## Prompt:
Reproduce word for word the line holding "Ulia Love Heart Scoop Backless Blouse in Red" and all lines after it in the data, through the end, leaving out pictures.

Given data START

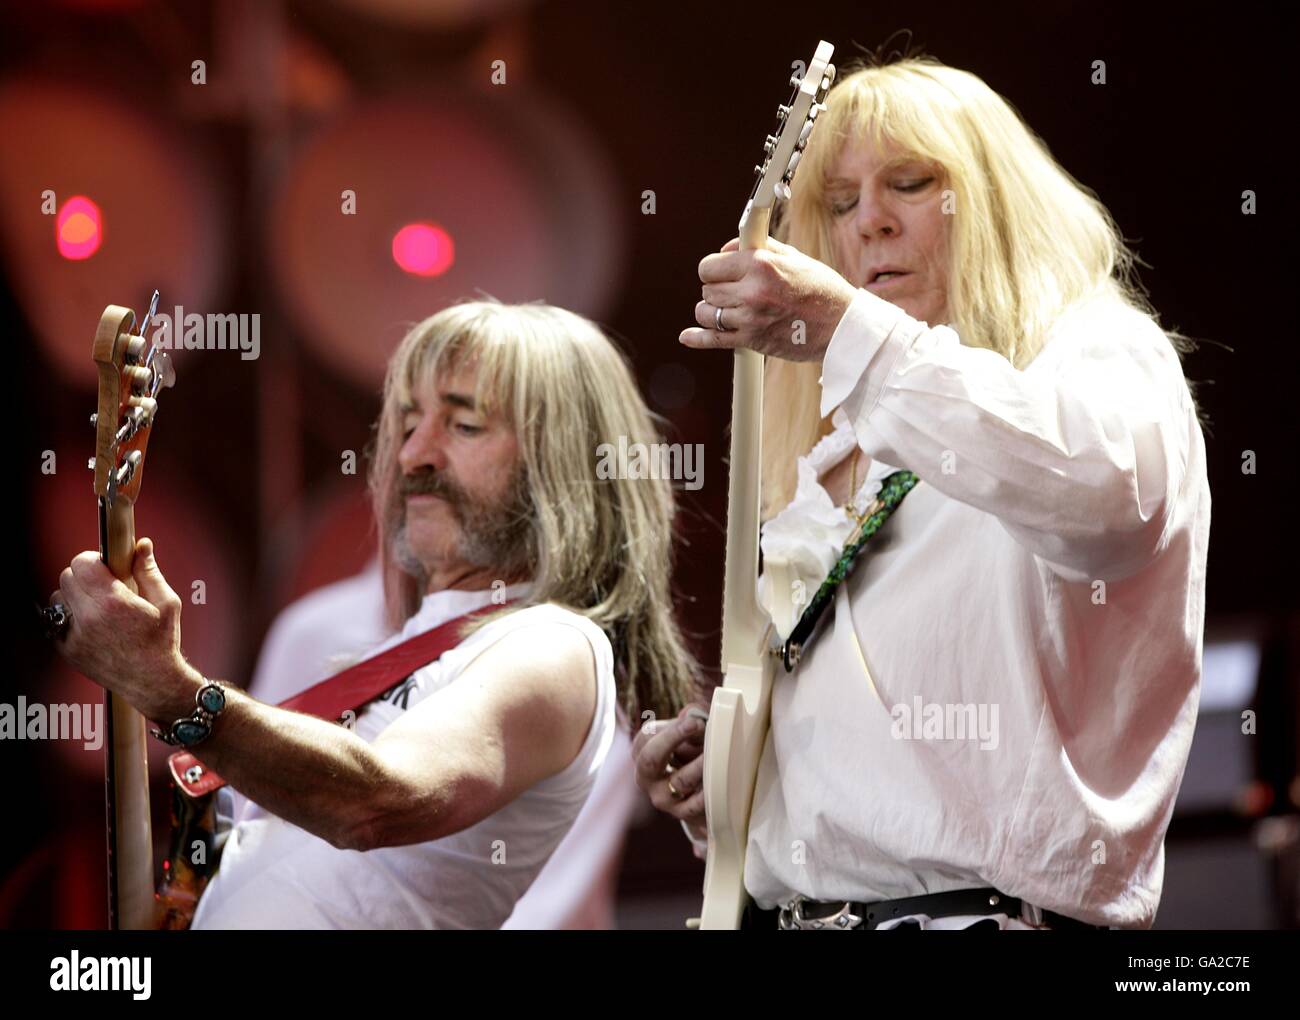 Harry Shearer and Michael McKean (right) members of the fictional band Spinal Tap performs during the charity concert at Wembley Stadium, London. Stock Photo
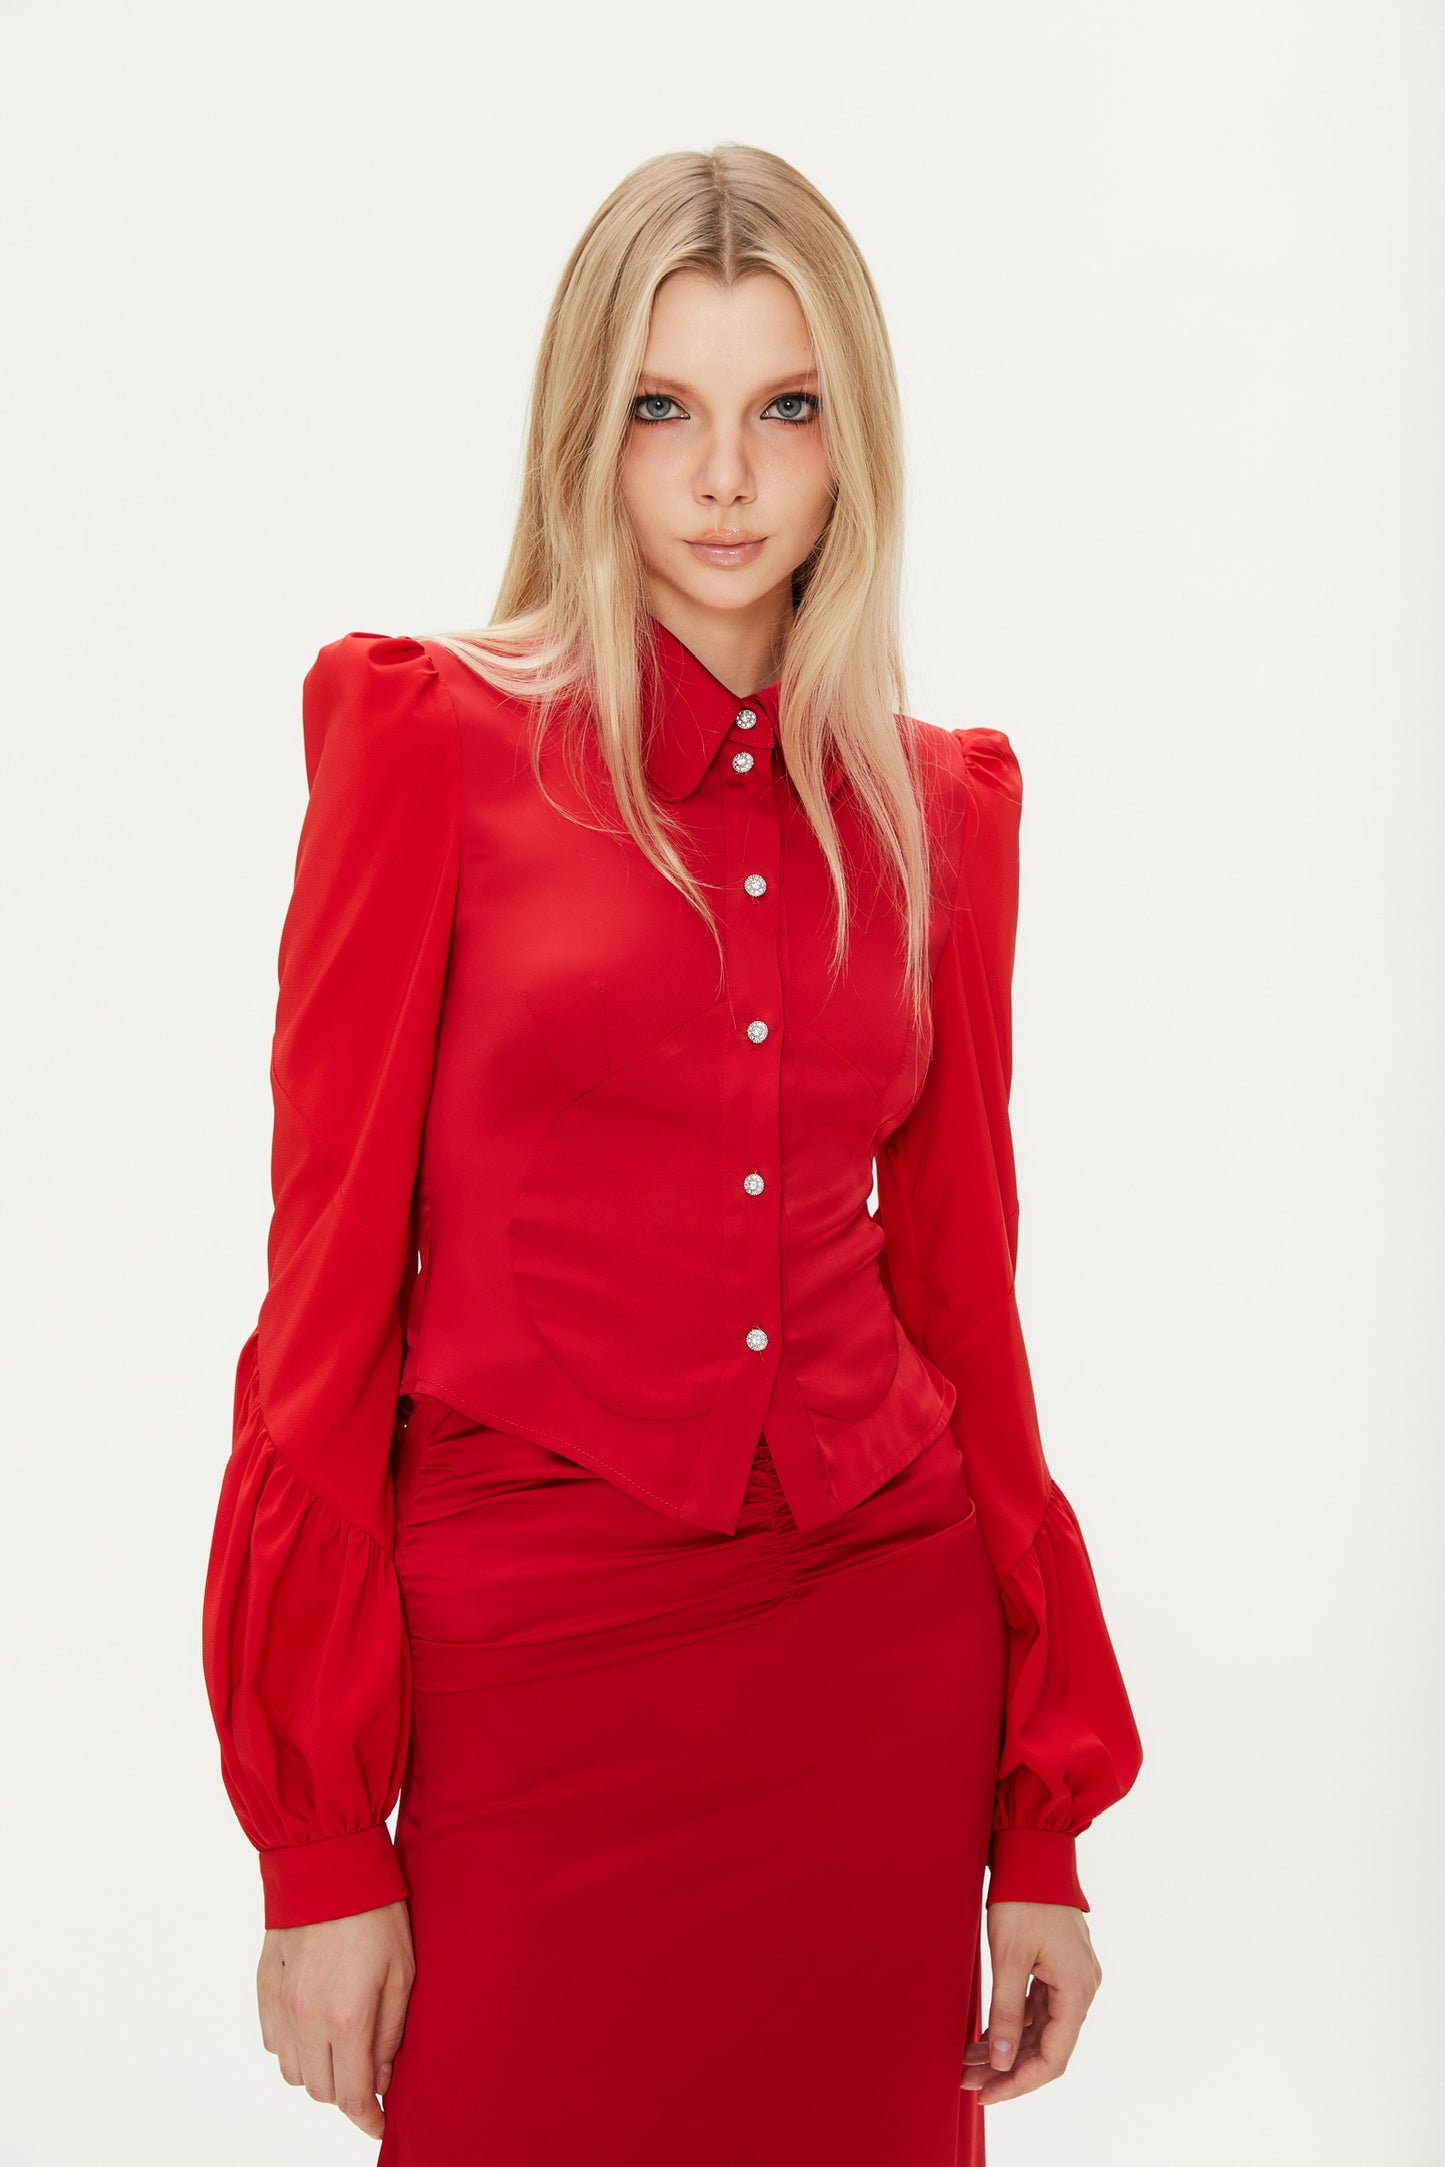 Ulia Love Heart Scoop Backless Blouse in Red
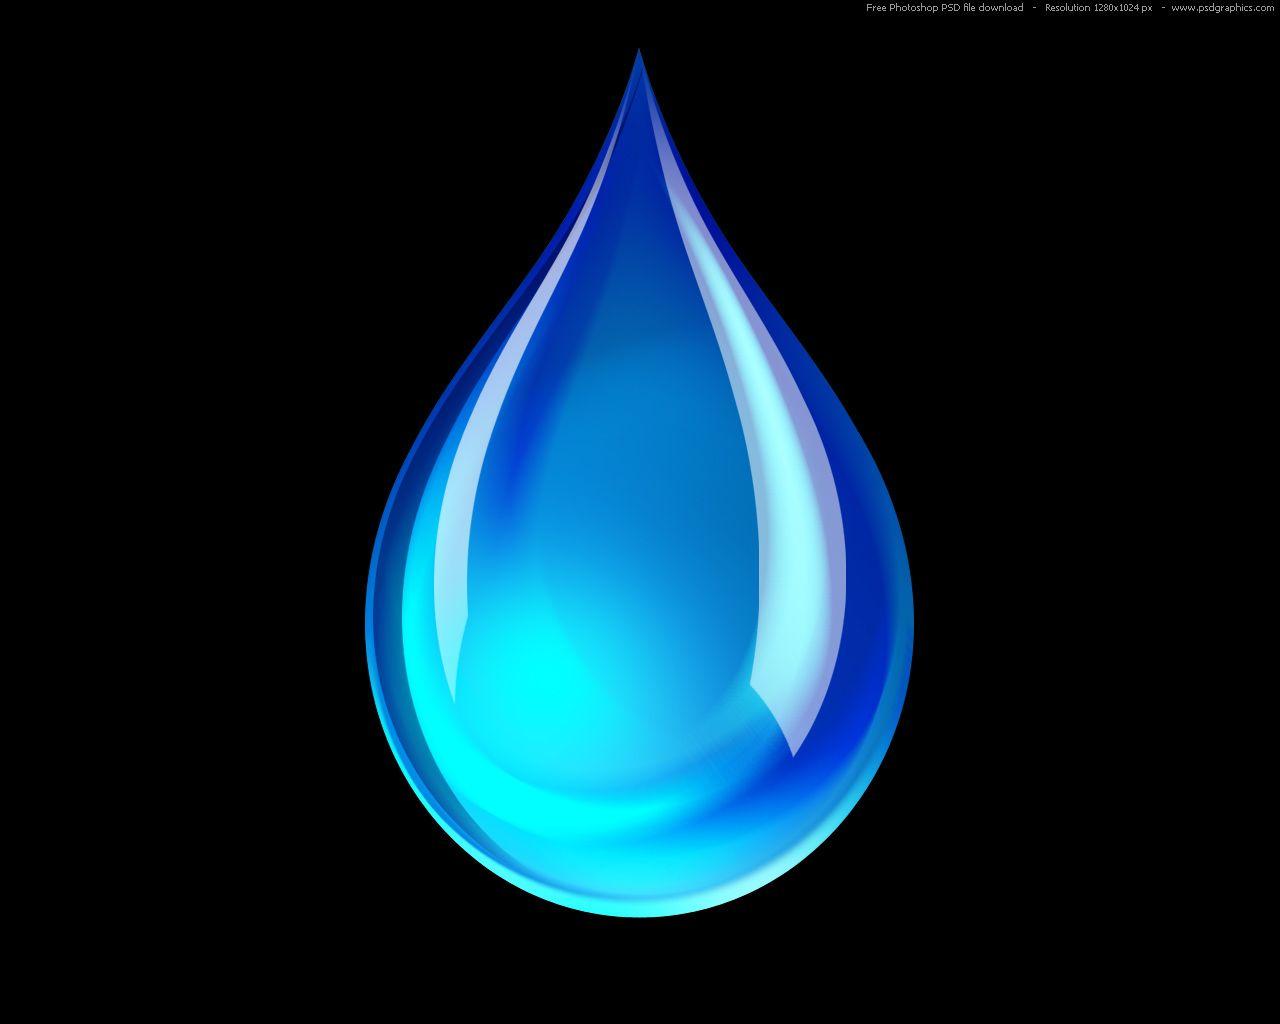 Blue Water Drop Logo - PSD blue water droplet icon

Given data END

## Result of the exercise:
 Ulia Love Heart Scoop Backless Blouse in Red
 Blue Water Drop Logo - PSD blue water droplet icon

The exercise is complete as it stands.